I just love their look on pics, wristshot and the fact you can change , adjust the look of your wrist to suit your clothes, shoes, belt or hair color even your dog ? why not ?

But to me theyre useless in an everyday setup and as I get my hands wet ten times a day and would forget I got a textile strap on and would have to remove my watch all day long. 

Also don't know how many of you handle this extra thickness, specially those PO8500's on oem omega nato that end looking like a hovercraft floating above your wrists, looks weird imho. Looked weird on Mr Craig wrist aswell in Spectre if you ask me, the AT master co ax on bracelet even worn loose for sakes of product placement looked nicer.

But we all know this nato strap was for the purpose of a special scene in the movie where a bracelet would have been trickier to remove from the wrist.


----------



## AK CH (Apr 15, 2008)

I tried them (Omega branded included) and they just don't do it for me.

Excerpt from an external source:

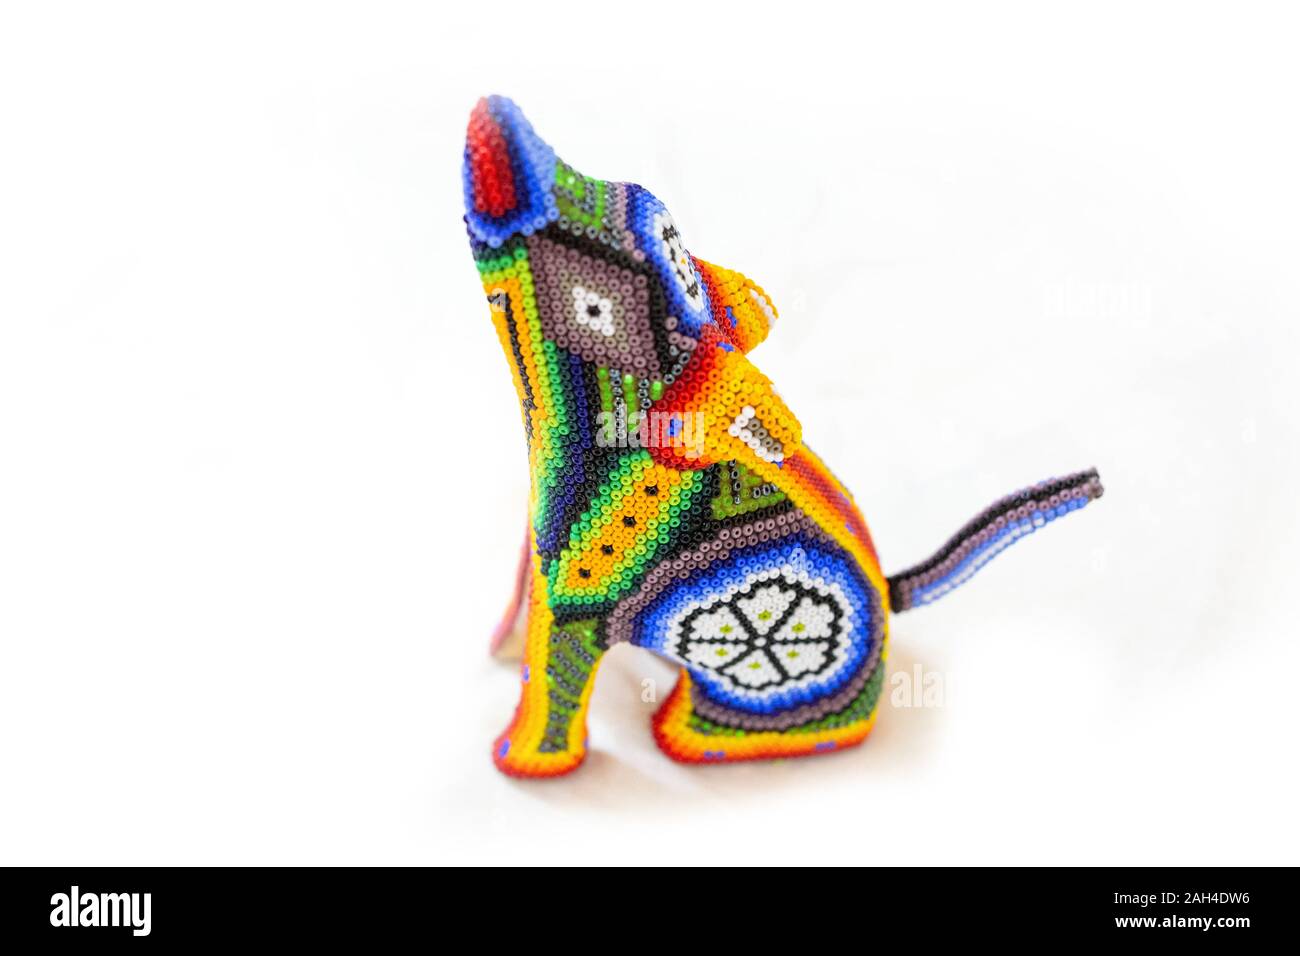 Traditional huichol bead ornament figures mexican culture work Stock Photo

They sit way too high to be attractive looking IMO, and I feel the extra height only makes me more likely to bang the watch head on something. Now, I love the look of natos in pictures, they are just too "loud" looking in practice for my liking. It sucks I spent so much money to learn the lesson though.


----------



## golfjunky1 (Aug 11, 2009)

sorry, i think your wrong


----------



## ivancrown (Feb 3, 2016)

For me it's all about opinions. Having multiple straps is like picking out a tie or footwear. Not to mention that Nato straps are much more comfortable. 

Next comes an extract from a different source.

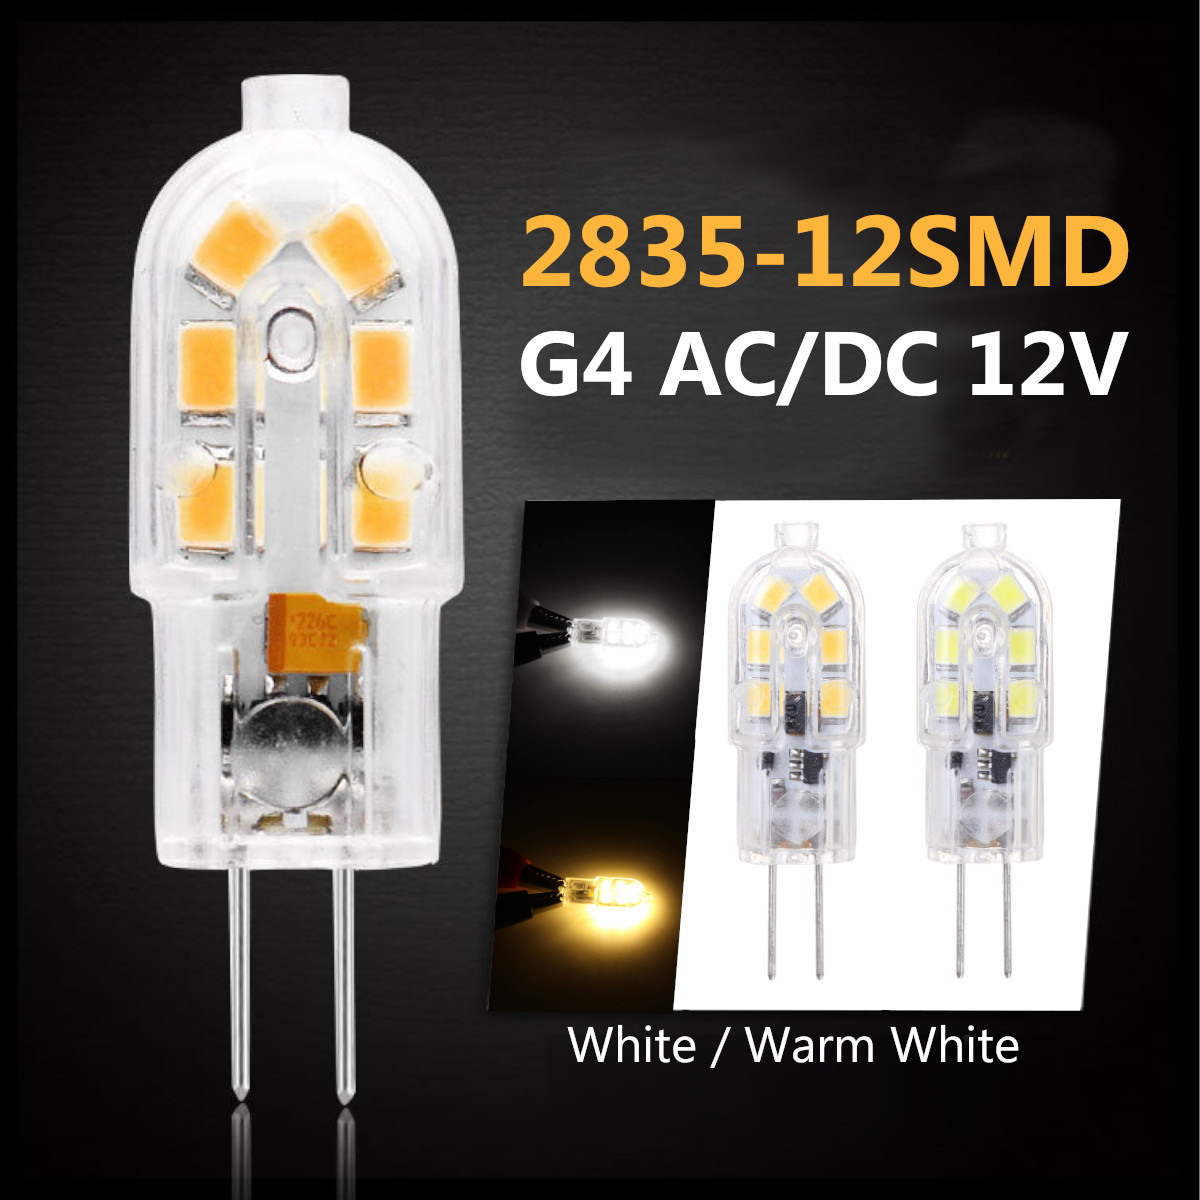 G4 White Non-Dimmable 51SMD 2835 LED 3.5W Ceiling Chandelier Light Bulbs AC 220V

Sent from my LGLS991 using Tapatalk


----------



## iinsic (Feb 18, 2010)

Takemusu said:


> If he is important enough to get sign off on deals make by the franchise, it does not make him a soulless shill.


You're right. DC actually comes across as rather soulful at times, so I amend my earlier assessment to "soulful shill." But, in addition to his involvement with Omega as James Bond, he also is a paid product spokesman for Omega as Danial Craig. Do you even know what "shill" means?

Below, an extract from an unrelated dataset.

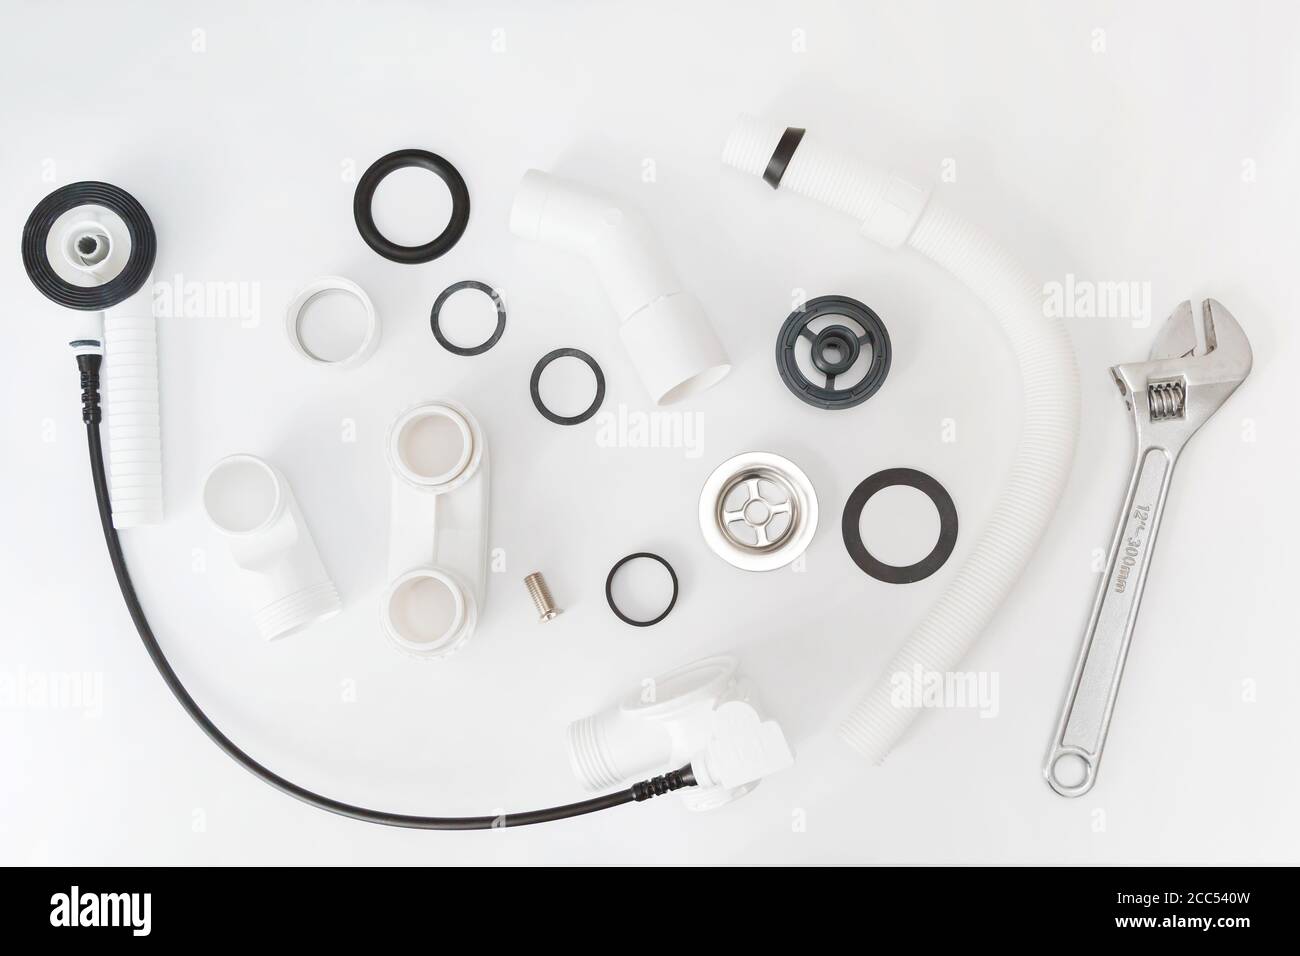 Details plastic siphon kit for bathtub on a white background. Plumbing knolling on white background Stock Photo

2.a person who publicizes or praises something or someone for reasons of self-interest, personal profit, or friendship or loyalty.


----------



## Takemusu (Feb 8, 2012)

iinsic said:


> You're right. DC actually comes across as rather soulful at times, so I amend my earlier assessment to "soulful shill." But, in addition to his involvement with Omega as James Bond, he also is a paid product spokesman for Omega as Danial Craig. Do you even know what "shill" means?
> 
> 2.a person who publicizes or praises something or someone for reasons of self-interest, personal profit, or friendship or loyalty.


Yes. I follow (and also know the definition of shill ;-)

I only am opposed to the notion of the "soulless" part of the statement. Technically anyone who is paid to endorse something is a shill. I just don't have a problem with studios (or potentially actors) benefiting from strategic alliances with products featured in a film, provided I am non inundated with them onscreen and they not, because of their brand, take as prominent a role as the actors in the plot of the film.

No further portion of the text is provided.